- _WHAT IS BEING ASKED_
From the material below, reproduce exactly the stretch of lines that begins with the line holding "2 commercial restroom cleaned.JPG" and ends with the line holding "LIP1003 移動用キャリーがすっぽり収まる便利なバッグSサイズ", skipping the pictures.

- _DATA SECTION_
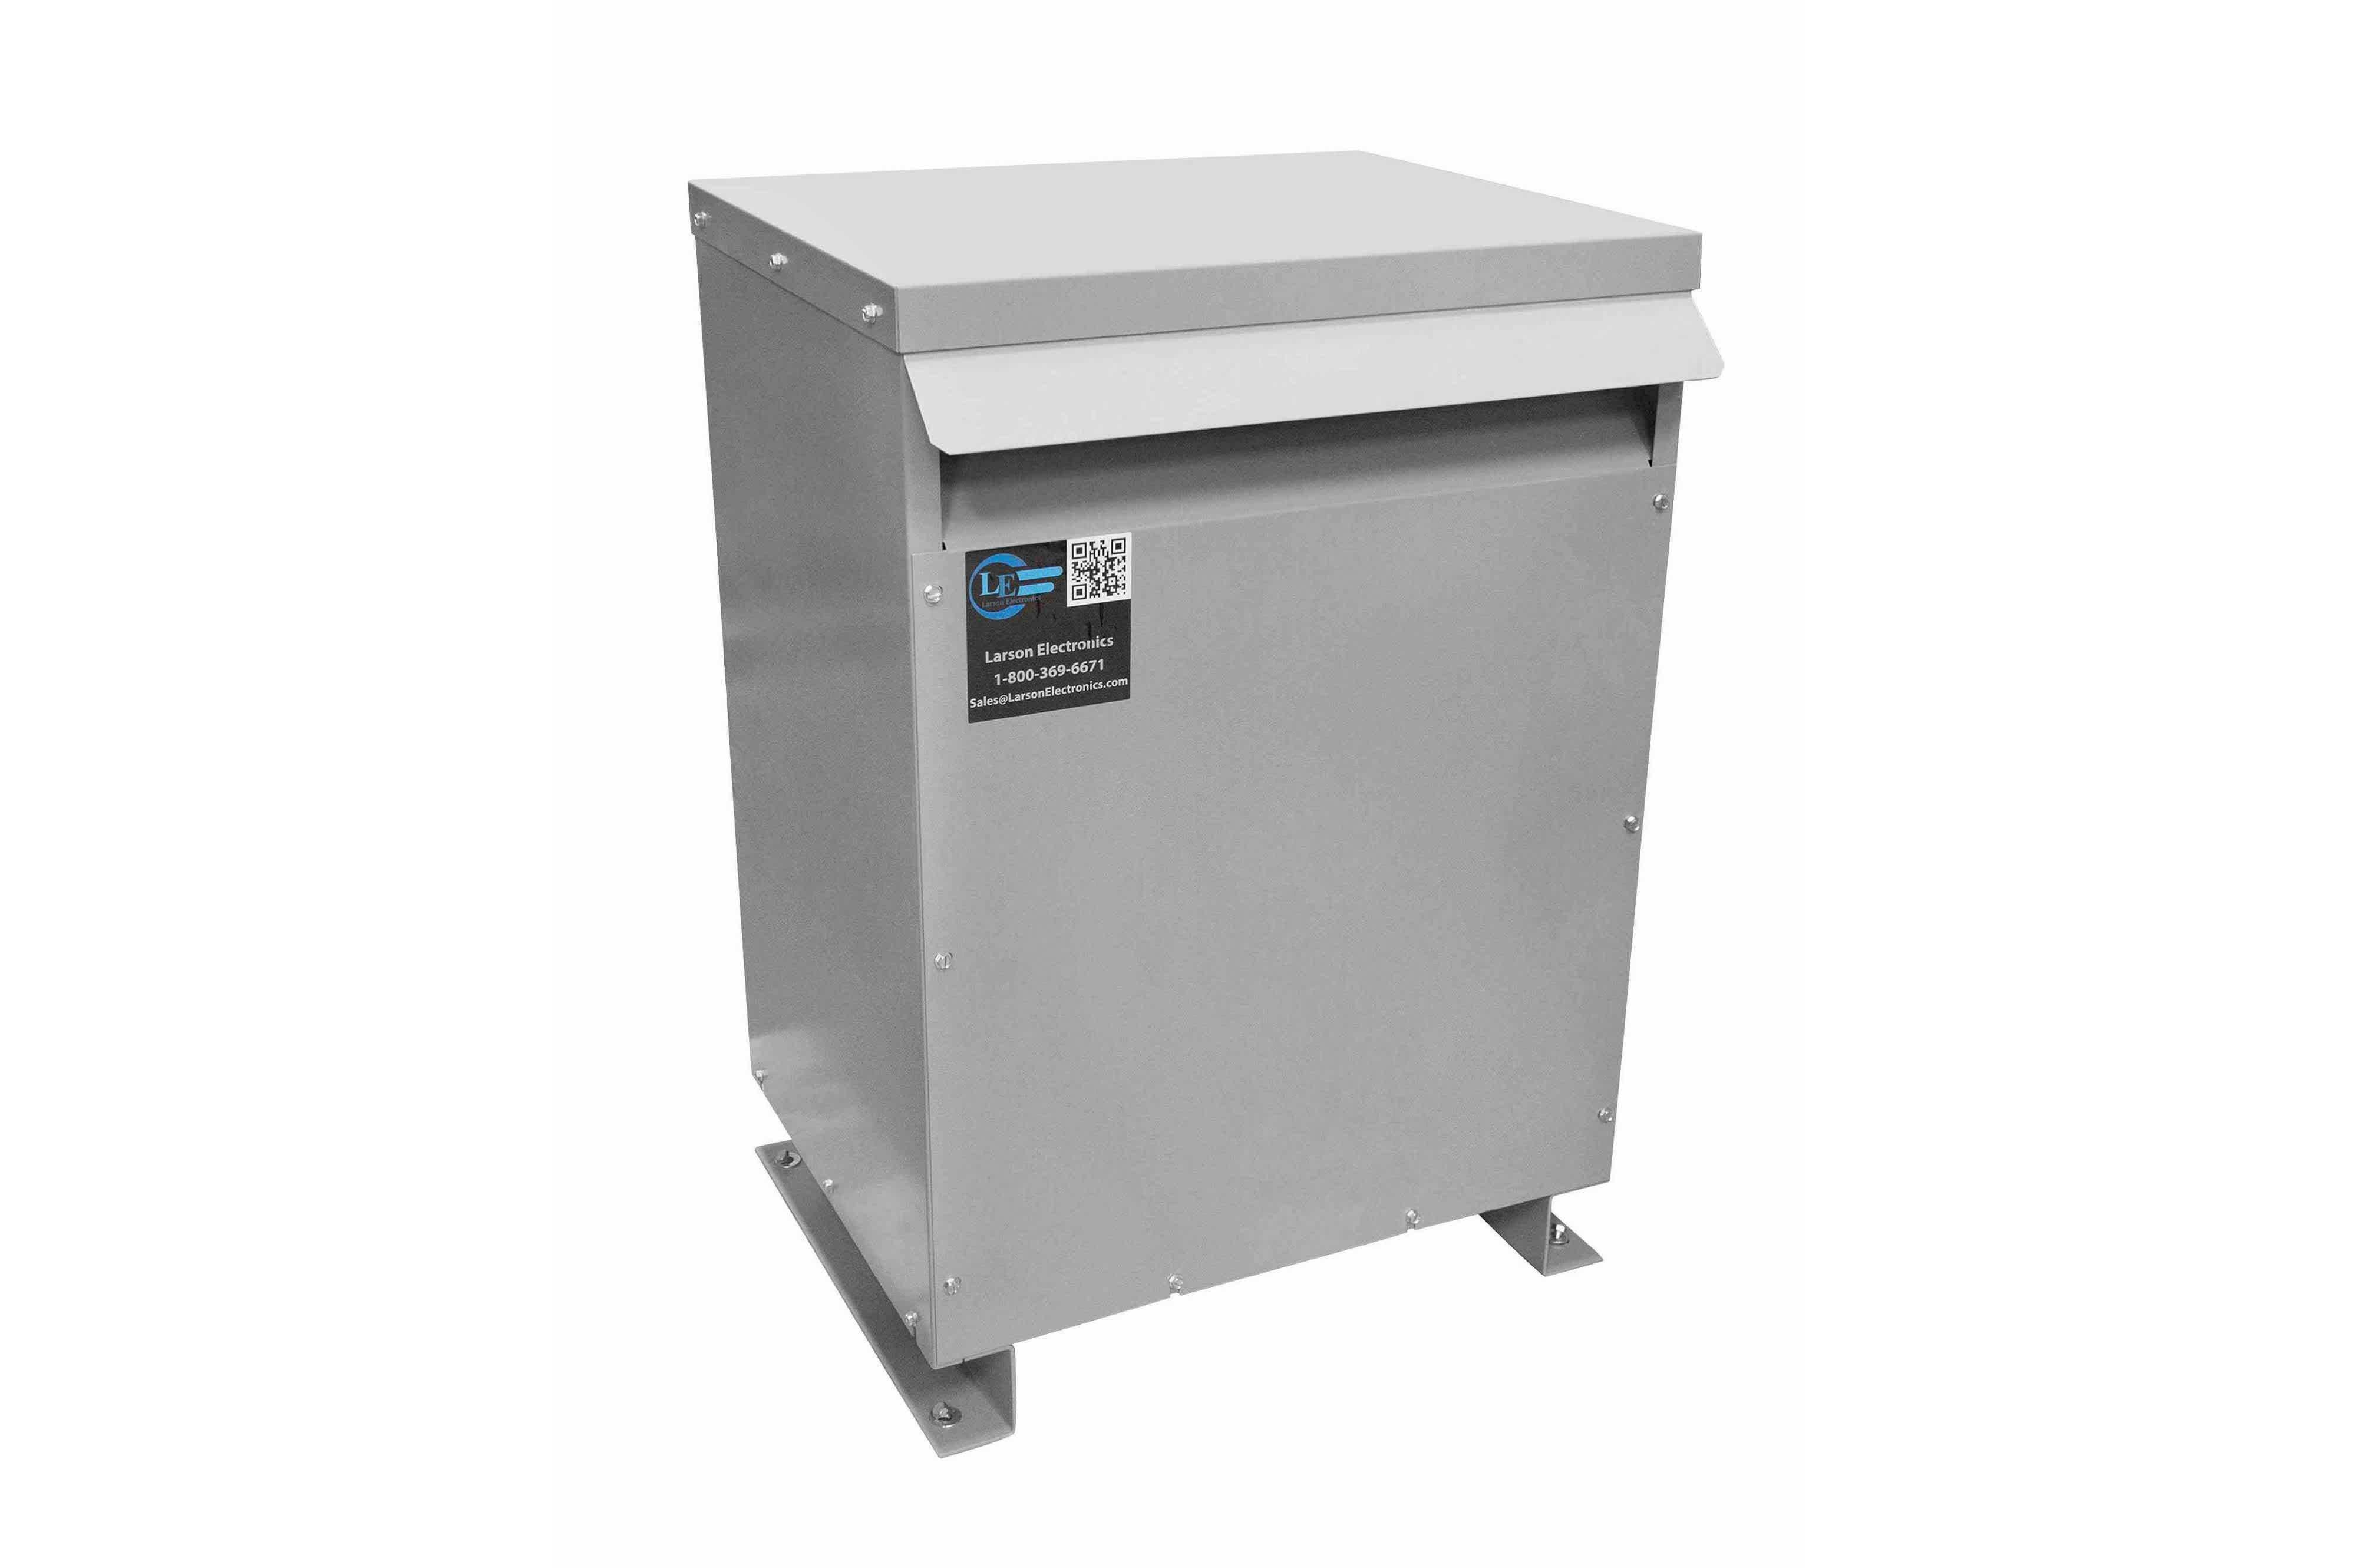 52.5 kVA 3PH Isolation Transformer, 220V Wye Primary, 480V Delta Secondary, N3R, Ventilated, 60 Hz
...
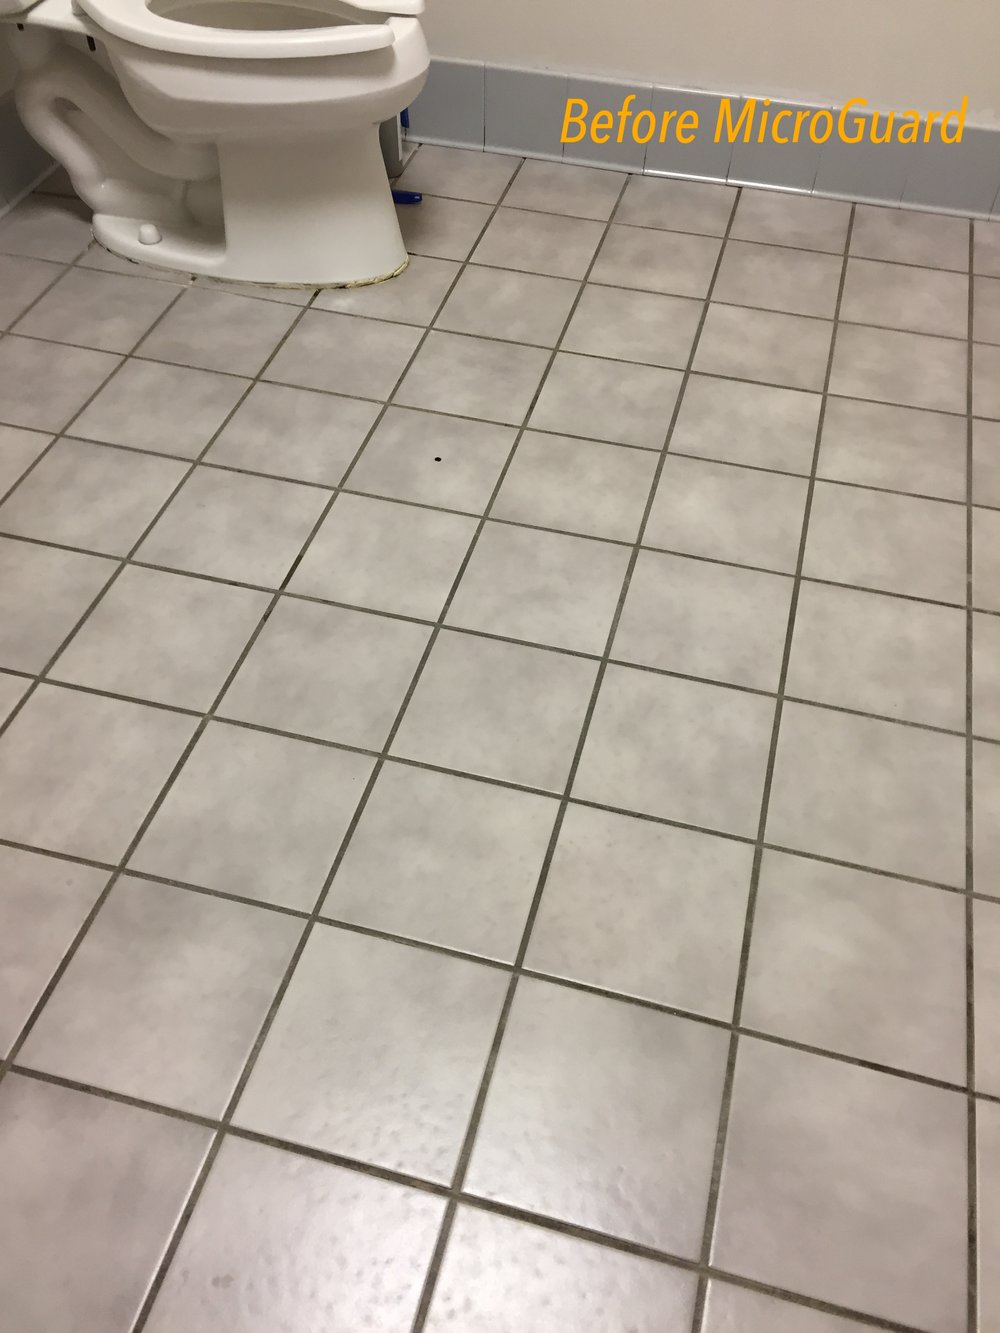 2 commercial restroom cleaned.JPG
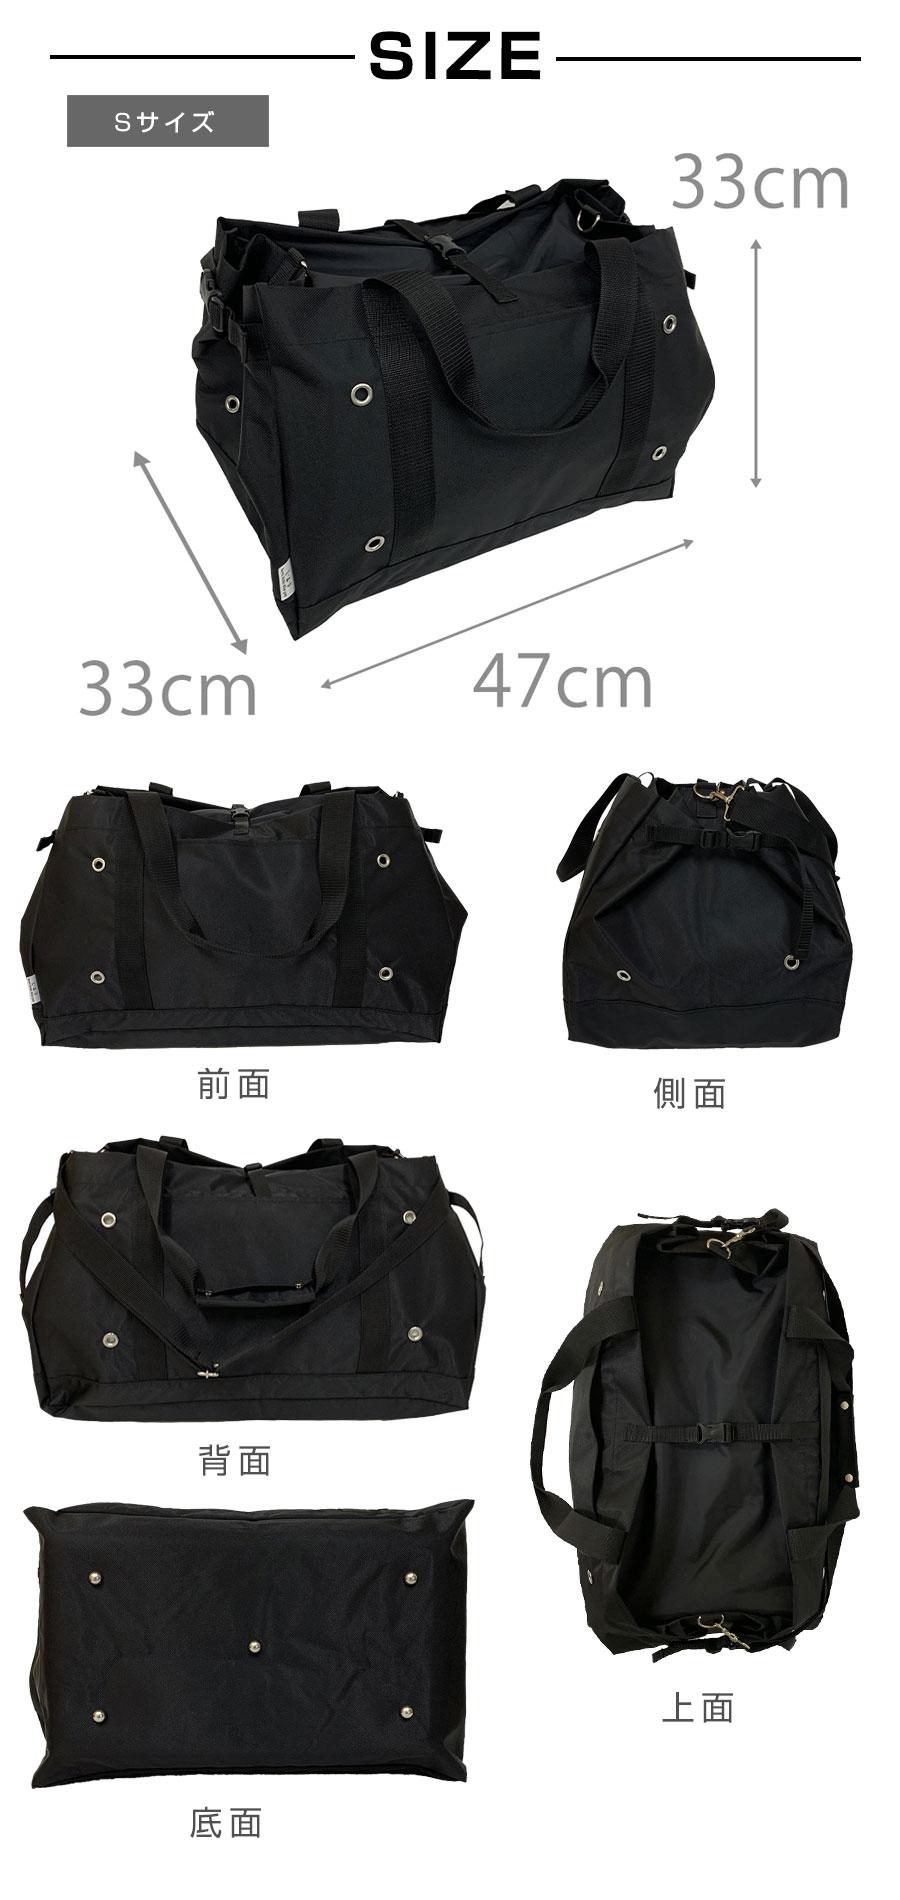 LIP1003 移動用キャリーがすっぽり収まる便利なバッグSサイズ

- _WRITTEN ANSWER_
 2 commercial restroom cleaned.JPG
 LIP1003 移動用キャリーがすっぽり収まる便利なバッグSサイズ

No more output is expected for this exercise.